As heating requirements continue to evolve and heating technology advances, radiators and radiant floor heating devices, which require different supply-water temperatures, have gradually become the two main heating terminals in district heating systems. However, the primary return-water temperature of current solutions based on heat exchangers and heat pumps is relatively high and fails to recover waste heat from the combined heat and power plants, owing to improper use of heat sources. To address this issue, a heat exchanger network optimisation method—the thermal energy discretisation and matching method—was used to design a dual-temperature water district heating system consisting of two absorption heat pumps and two heat exchangers. The primary supply water flows through the two generators, two heat exchangers, and two evaporators of the absorption heat pumps. The radiator and floor heating return water was divided into two parts and heated by the heat exchanger and the absorber and condenser of the absorption heat pump, respectively.
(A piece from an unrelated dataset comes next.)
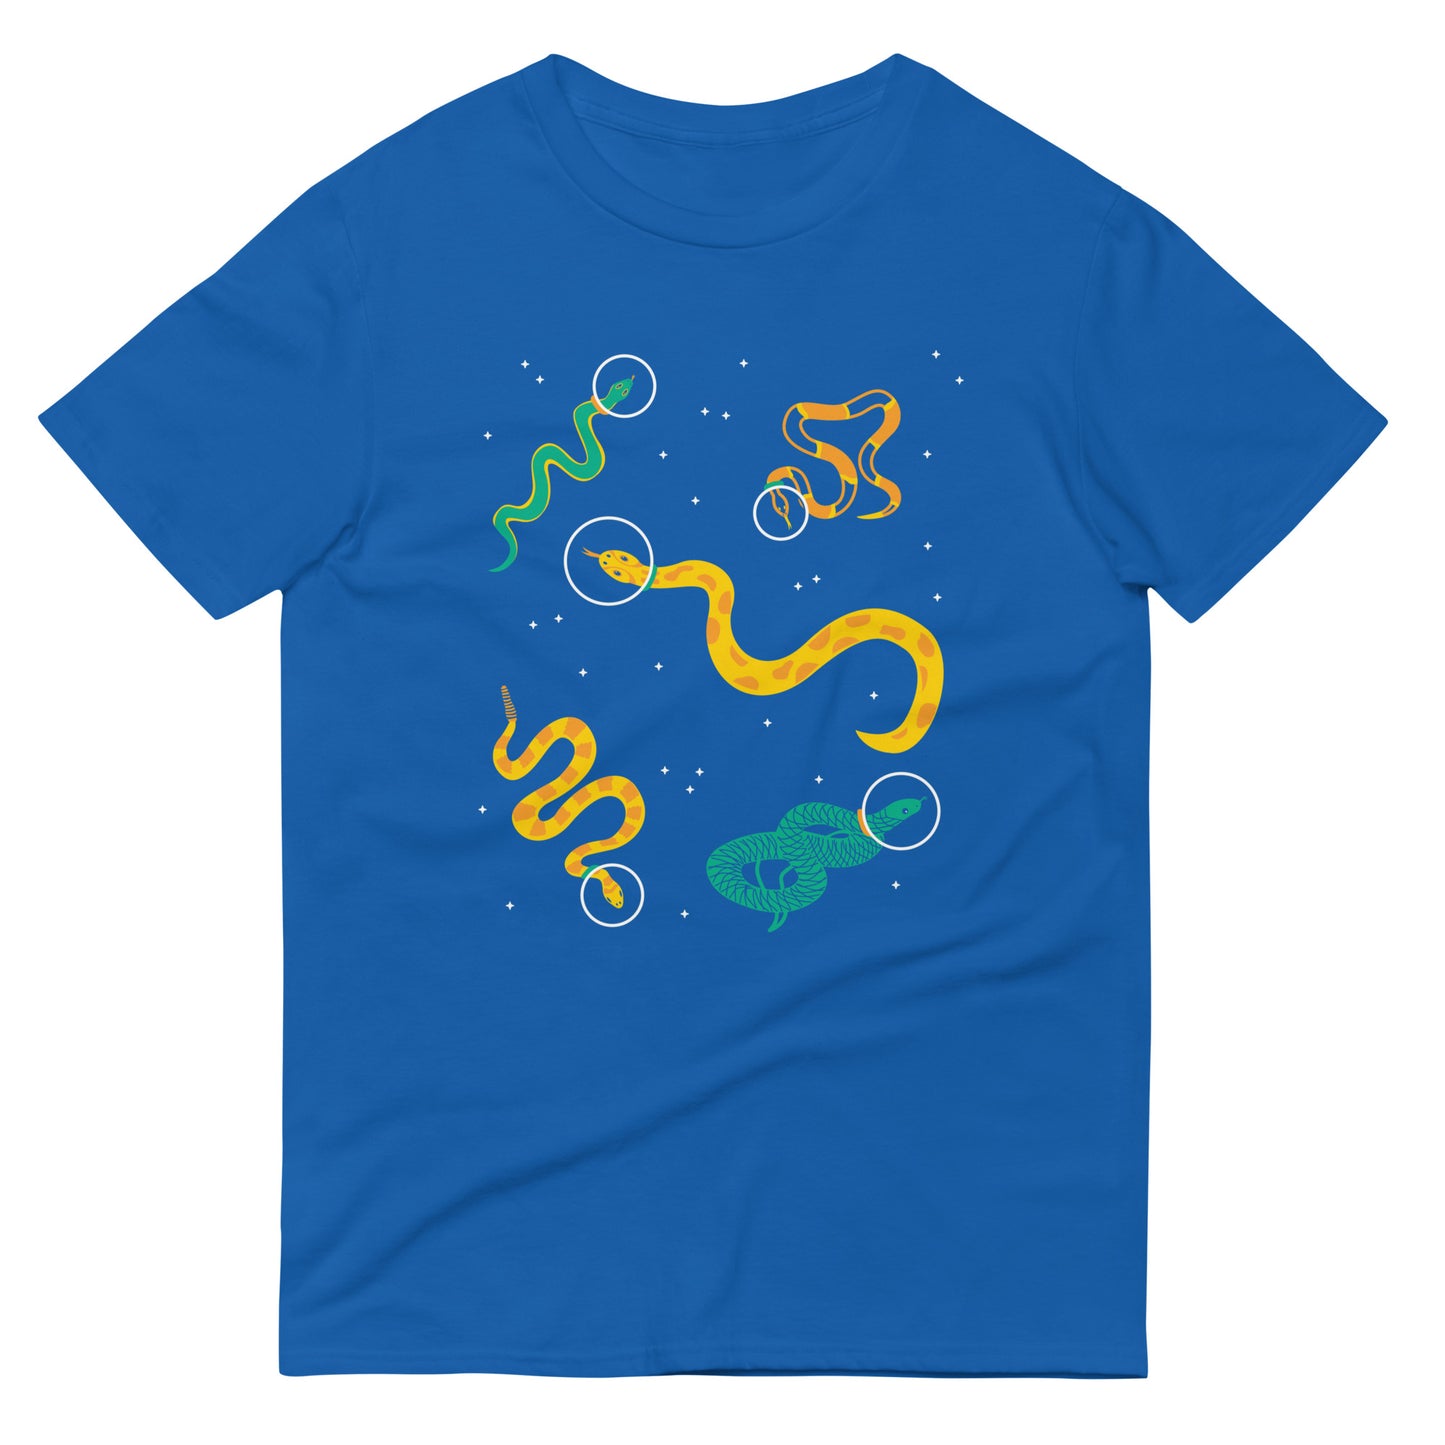 Snakes In Space Men's Signature Tee

The performance of the designed heating station was evaluated using the coefficient of performance and the primary return-water temperature and compared with that of other district heating systems. The changes in the district heating system's configuration when the boundary conditions changed were investigated. Results showed that (1) the designed system based on thermal energy discretisation and matching method -had the lowest primary return-water temperature of 18.8 °C and the highest coefficient of performance of 5.62. (2) When the low-temperature load ratio changed from 0% to 100% while maintaining a constant total load, the system's form changed regularly. (3) When the primary supply-water temperature increased, the heating station's form remained unchanged and the capacity of the heat exchange equipment changed regularly. (4) When the secondary supply and return-water temperatures increased, the evaporation temperature of the absorption heat pump increased, resulting in a change in the system's form. This study provides valuable insight into the design of district heating systems that supply dual-temperature water under various design conditions.